Dinesh Dagar is an Indian amateur boxer who competes in the welterweight division. He won silver medals at the 2018 India Open, the 2018 National Boxing Championships, the 2019 GeeBee Boxing Tournament and the 2019 President's Cup, and a bronze medal at the 2019 India Open.

==Early life==

Dagar was born on 19 July 1995. He took up boxing in 2010 after being inspired by Indian wrestling icon Sushil Kumar. He later trained at the National Institute of Sports in Patiala.

==Career==

In March 2013, Dagar represented India in the 64 kg category at the Youth Asian Boxing Championship in Subic Bay, Philippines.

In 2018, Dagar won a silver medal in the 69 kg category at the inaugural India Open in New Delhi. Later that year, he represented the Indian Tigers in the 69 kg category in the World Series of Boxing. He also won silver in the 69 kg category at the 2018 National Boxing Championships.

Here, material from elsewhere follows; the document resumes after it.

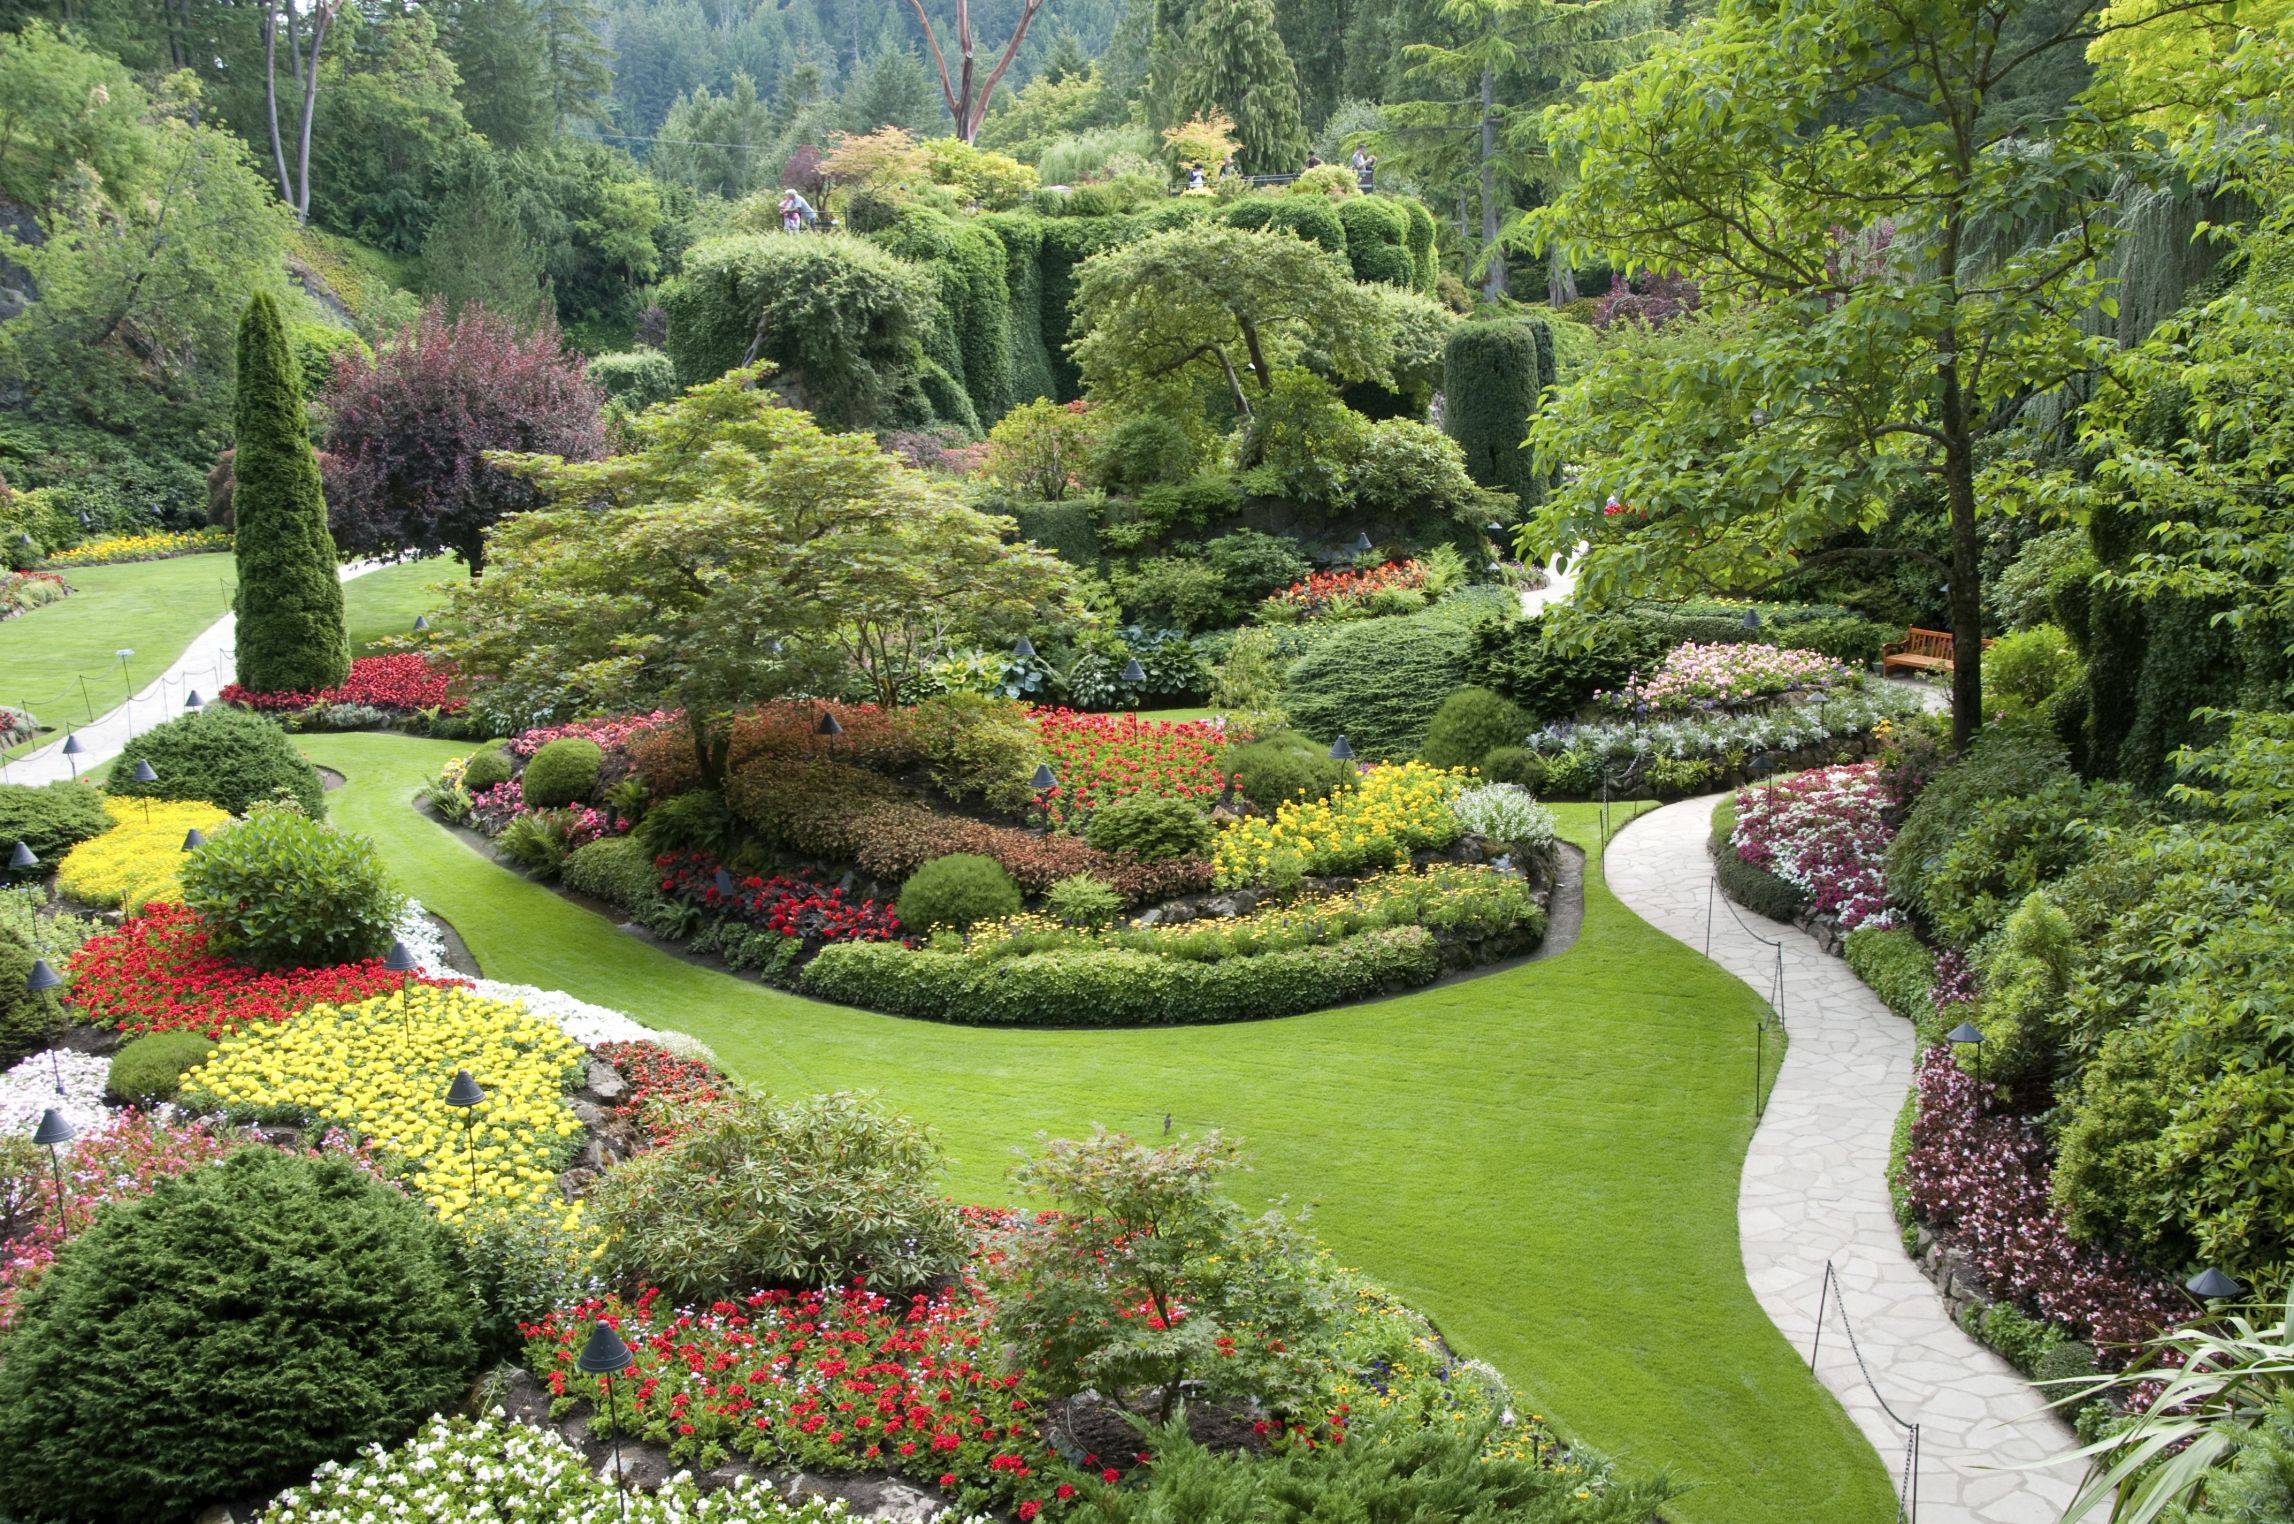 Пейзажный стиль в ландшафтном дизайне (английский парк или сад): фото и характеристика, особенности архитектуры и цветника, схемы и планы участка

In 2019, Dagar won silver in the 69 kg category at the GeeBee Boxing Tournament in Helsinki. He later won bronze in the 69 kg category at the 2019 India Open in Guwahati. At the 23rd President's Cup in Labuan Bajo, Indonesia, he won silver in the 69 kg category.
At the 2019 Elite Men's National Boxing Championships, Dagar competed in the 69 kg category for the Railway Sports Promotion Board.